Showing posts with label fall. Show all posts
Showing posts with label fall. Show all posts

Wednesday, September 8, 2010

September evening

I love the hiking/biking trail that goes through our neighborhood. I like to walk in the early evening, when the heat loses its grip on the day, and the woods are alive with the chatters and chirps of many little creatures. Today on my walk there were joggers, bikes, scooters, people on the phone, groups of friends, and a man, iPod in ears, singing to himself in a language I did not understand. Bike wheels spoke, “thump thump thump” over the wooden footbridge, then, “hissssss” on the paved trail as I walked along.

I can tell that fall is approaching, even though the air is still hot and dry, and the trees are starting to crisp from lack of rain. The sunlight has changed – golden honey dripping through the branches, catching up loose leaves in its flow and scattering them on the ground. On the last part of my walk I saw a medium sized buck standing away from the path, in a patch of sunlight near a stand of oak trees. As I passed him he heard the whisper of grass under my feet, and he looked up, chewing. For that moment, there was no one else on the trail. The grasshoppers fiddled melodies, and somewhere a clock ticked closer to autumn. The oak trees understood, and released a fall of acorns. They rained down in the sunlight in front of the deer. A sprinkle. A nutstorm.

Then it passed, as storms do. The trail traffic resumed, the deer looked away, and I walked past, to the road that leads to my house.

Wednesday, September 12, 2007

Routine

Sometimes it is hard to come to the computer to write because I don't have anything to say that is IMPORTANT. After all, I'm committing words to paper (screen) for all time and for many eyes, so shouldn't it be IMPORTANT?

But the last few days have been routine. And ROUTINE is not so bad. We had a birthday in the house, yes, and that was and was not out of the ordinary. A full house, a large family -- birthdays are comfortable & familiar, if not routine. I think there's something good to be said for the morning alarm, the balletic timing of school-morning breakfasts, the snippets of NPR on the way to work. Something wonderful and rejuvenating about autumn with its class schedules and coffee breaks.

Maybe ROUTINE has been good because Daniel's sugars have been mostly in range this week (except for the "save-all-my-carbs-for-birthday-ice cream" mistake). ROUTINE has Dominic learning new teachers, new subjects, new routines in grade 1 that exhaust him in ways that a day at the pool can't. ROUTINE even makes middle school bearable for Nora (but there are always jerks in middle school so I'm keeping my fingers crossed).

The routine turning of the year seems to have clicked over one notch away from summer and towards fall, and even the sky was celebrating the sudden change in the air with a riotous, colorful party for sunset.
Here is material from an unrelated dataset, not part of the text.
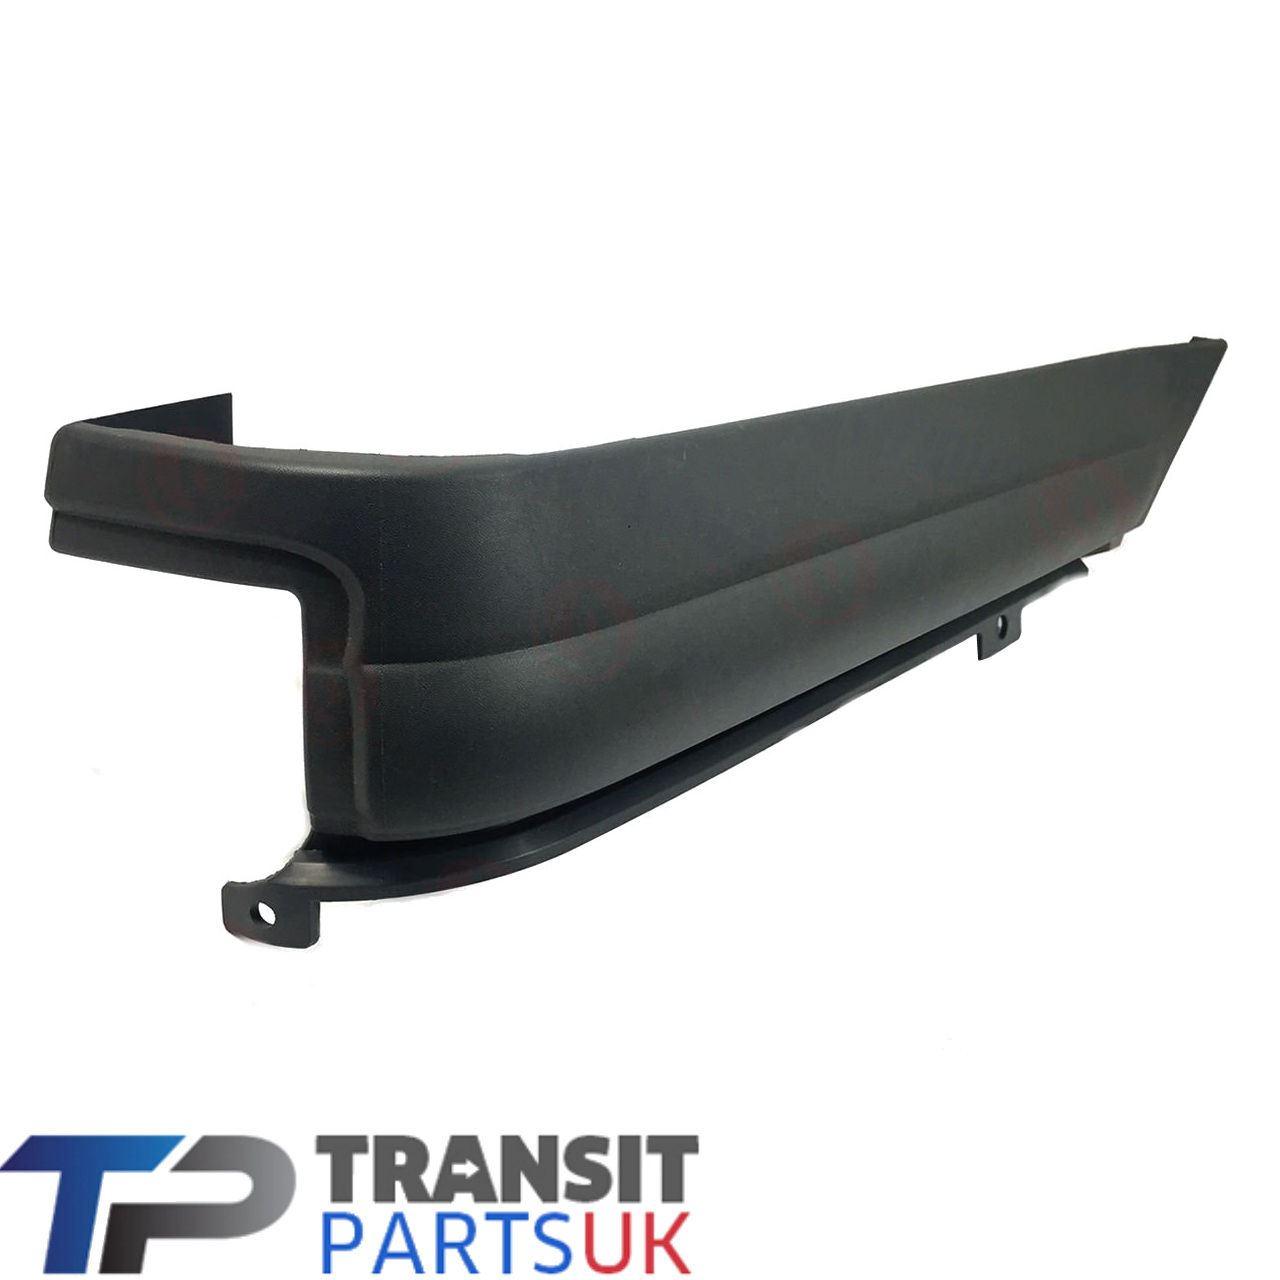 Transit Parts Transit MK6 MK7 Rear Bumper Cover Trim Pad Panel 2000-2014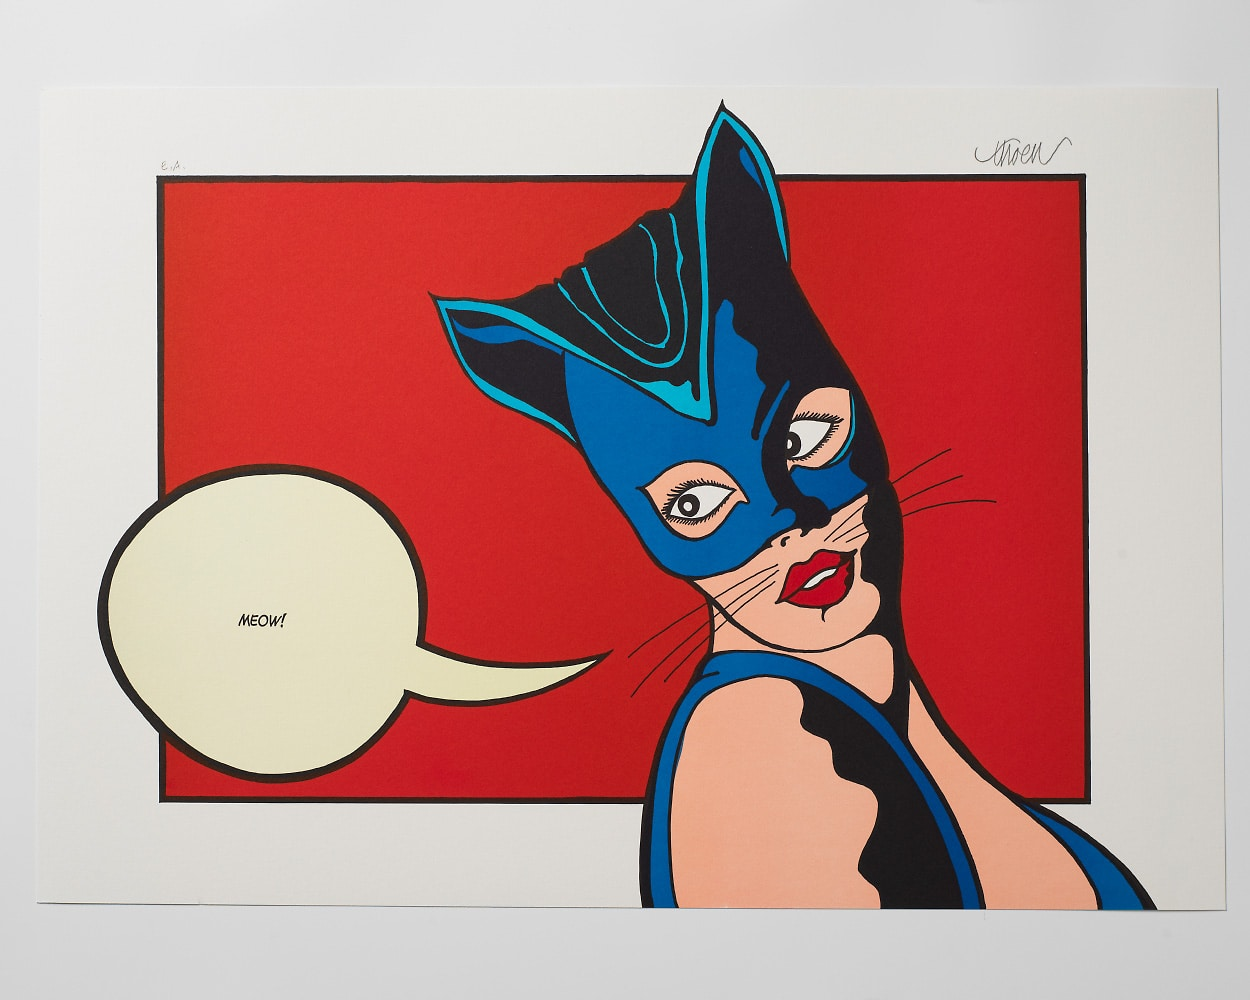 Peter Thoen - Catwoman

I went outside to pick a few late-summer peppers and tomatoes, and stopped to breathe it all in; the quiet moment in the neighborhood, the changing angles of light. Then the geese were overhead, announcing their southward flight path, calling for attention.

Mary Oliver is probably my favorite poet, she has a way of turning the ordinary into the magical. I have been thinking tonight about her poem, Wild Geese. It goes:

"You do not have to be good.
You do not have to walk on your knees
for a hundred miles through the desert repenting.
You only have to let the soft animal of your body
love what it loves.
Tell me about despair, yours, and I will tell you mine.
Meanwhile the world goes on.
Meanwhile the sun and the clear pebbles of the rain
are moving across the landscapes,
over the prairies and the deep trees,
the mountains and the rivers.
Meanwhile the wild geese, high in the clean blue air,
are heading home again.
Whoever you are, no matter how lonely,
the world offers itself to your imagination,
calls to you like the wild geese, harsh and exciting —
over and over announcing your place
in the family of things."

That's from her book Dream Work. And tonight, in a routine moment, I fell into a brief state of grace & beauty. Thanks in great part to Mary Oliver, to the raw poetry in the sound of geese, and to a much needed change of season.